One of the responses people like me (paleontologist on the academic end of things who thinks there is ample evidence that the commercial fossil trade as it operates now needs a large-scale revamp to address several ethical and heritage conservation concerns) hear when we say “Can we rethink this whole selling of our irreplaceable heritage?” is that, if we’re so darned worried about science losing specimens like this, our museums should simply buy the specimens. Problem solved right?

Not how this works

I don’t know if the people who say this are aware, but it actually costs real money to operate a museum. You need to pay for the utilities (heat, water, electrical, sewage, etc.) You need to pay your staff. You need to pay your contracted staff, like sanitation workers. The different departments (displays, gift shop, research, collections) need an operating budget.
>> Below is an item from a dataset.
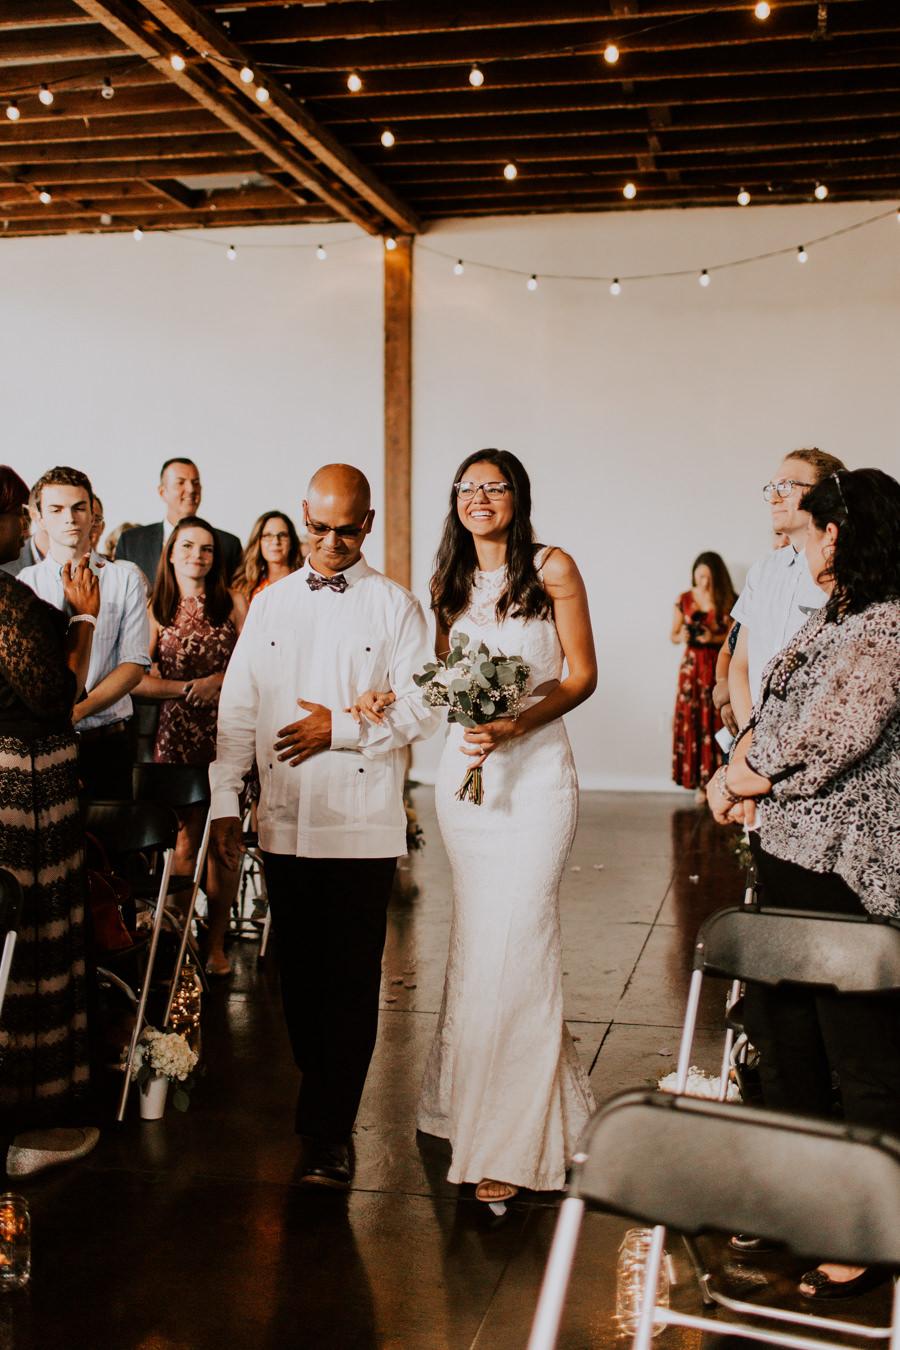 Tampa Heights Industrial Wedding at Cavu Emmy RJ-58.jpg
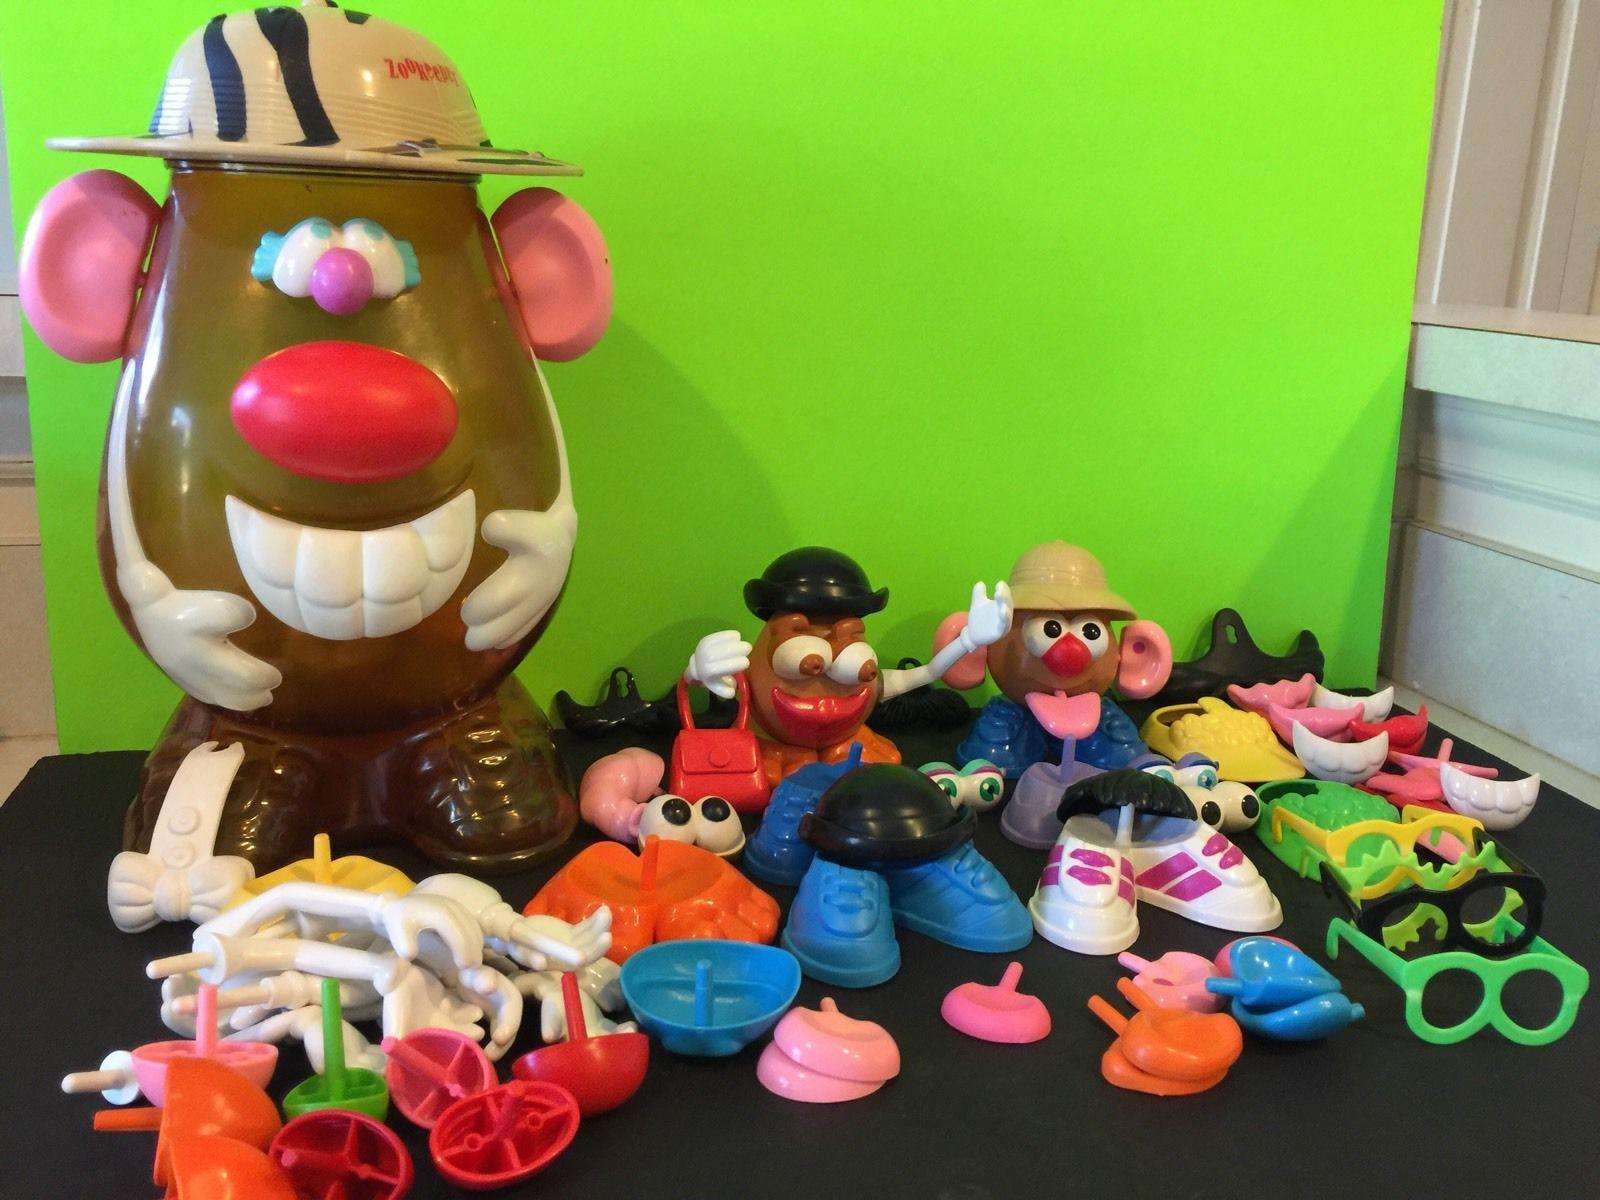 Mr Potato Head Zookeeper Playset Over 85 Pieces   eBay

Let us hypothetically explore the possibility of a small museum (it’s what I know, I can’t speak for large institutions) purchasing one of these specimens. My collections department, Population of One (that’s me) does not have $1.2 million just lying around in discretionary funds. I am also not going to justify lobbying and fundraising to purchase one specimen when there are a myriad of pressing issues that the collections face, such as upgrading the environmental monitoring, installing heavy-duty shelving, upgrading our internet services for a digital specimen server, and getting a backup generator for when (not if, when) the power goes out in the dead of winter. Want a collections headache? Think about what would happen if your pipes froze and burst. Think about where all that water runs. Now think about how most collections are in the lower levels of buildings.

Let us assume that someone knocks on my collections room door and I emerge, Morlock-like from the shadows, to find out this someone will donate $1.2 million so that we could bid on the specimen. First I would show them the Priorities List. Second, I would have to explain that they might be throwing their money away. According to the Member Bylaw on Ethics Statement of the Society of Vertebrate Paleontology,

“The barter, sale or purchase of scientifically significant vertebrate fossils is not condoned, unless it brings them into, or keeps them within, a public trust. Any other trade or commerce in scientifically significant vertebrate fossils is inconsistent with the foregoing, in that it deprives both the public and professionals of important specimens, which are part of our natural heritage.”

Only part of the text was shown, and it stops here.